1836, Southwest of Three Forks, in what would later become the State of Montana.

"I [Emma] am not alone, because the Father is with me."
~ John 16:32 ~

When Josiah didn't arrive back at the cabin before nightfall, Emma wasn't very surprised. He had taken enough supplies to be gone for several days, so Emma felt no alarm at his continued absence. Instead, she contented herself with reading her Bible and keeping the small cabin tidy.

Night came, and Emma curled up on the buffalo robe by herself. She thought over the meeting with Josiah's grandfather earlier that day, and the bitter words they had exchanged.

Then the memory of her own family moved to the front of her tired mind, and visions of a happy childhood comforted Emma as she waited for sleep to come. She could see her father's face, and how his eyes often smiled when he spoke.
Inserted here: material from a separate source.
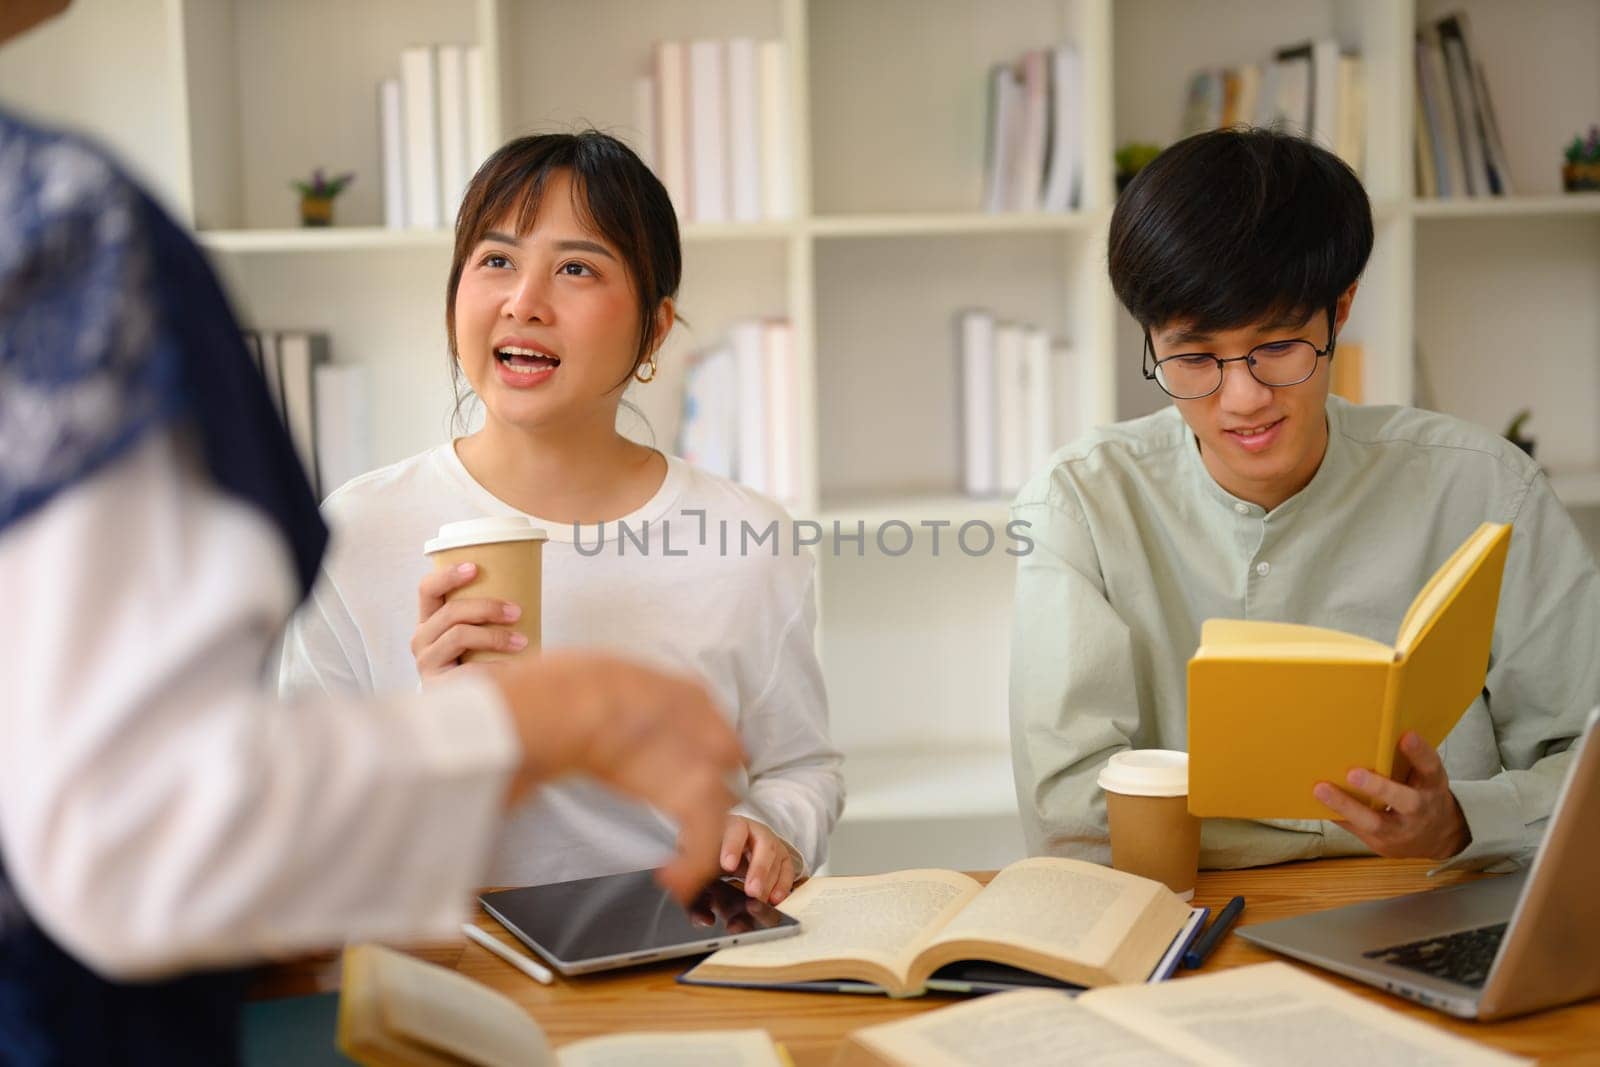 University students working on their assignment with help from teacher by prathanchorruangsak

And then there was Ma, with her encouraging words whenever her daughter became disheartened by life's inevitable trials. The contended evenings by the fireside when Pa read from the Bible, and the mornings when Emma could hear her mother moving about to fix breakfast, all came back to her like long-lost friends. Emma wished for the old days, when she was surrounded by people who truly loved her. She sorely missed the fellowship of her parents, and the friendship of familiar acquaintances. They were all the more cherished, now that she knew the loneliness of the wilderness.

A stab of grief cut through Emma's soul. Josiah might be a solitary bear, but she wasn't!
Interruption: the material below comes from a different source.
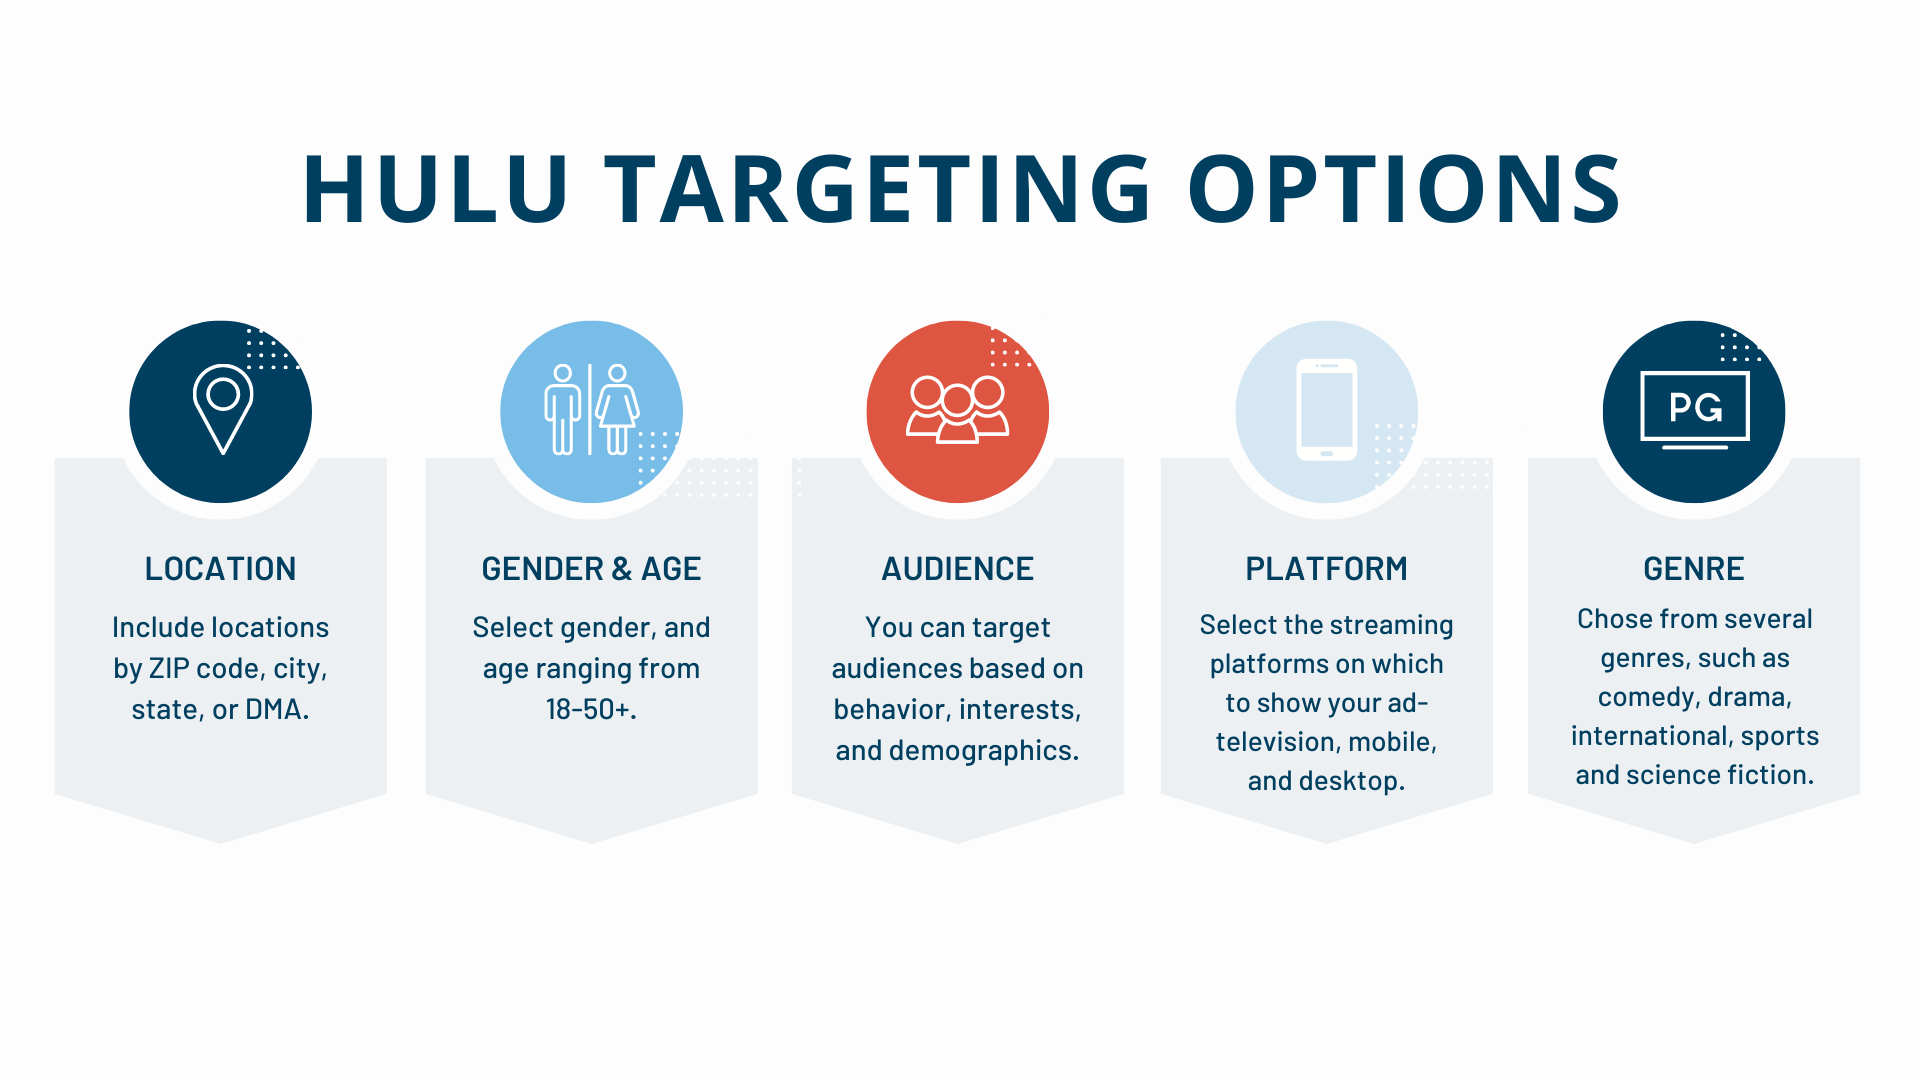 graphic showing hulu targeting options: location, gender and age, audience, platform and genre

"Please, God," prayed Emma, "please don't let me wallow in self-pity. I am never alone, because You are always with me. But, dear God, how I miss my parents!"

Emma had hoped, rather than believed, she had finally shed enough tears over her parents' death that more would be unnecessary. She laughed at the naiveness of such a thought, knowing that for as long as she lived, she would never stop missing them. At least when buried in Josiah's arms, she wasn't so aware of how very alone she was.

In the silence of the cabin, Emma's heart reminded her that the next time she would see her parents, it would be in Heaven. If she remained in these mountains, Emma felt she would never again know the joy that came from the fellowship of such like-minded people. It was a lonely thought, and it made her shudder beneath the warm blankets.

Emma hastily turned onto her other side. "This is what comes of too much solitude," she rebuked herself. "I'm thinking too much."

How long it took for Emma to fall asleep, she didn't know, but the next time she opened her eyes, light was pouring through the cracks in the window shutters. Hearing the horses whinnying for their food, she hurried out of bed to tend to their needs as best she could.

The blue heavens were cloudless as Emma carried water to the ponies. Snow was temporarily retreating from the sun's rays, and bare patches of brown broke through the blanket of white still covering much of the ground. Though winter was just beginning, Emma was grateful for this small reprieve that let her go outside without putting on snowshoes.

After she had finished with the three horses, Emma started back for the cabin to thaw herself before the fireplace.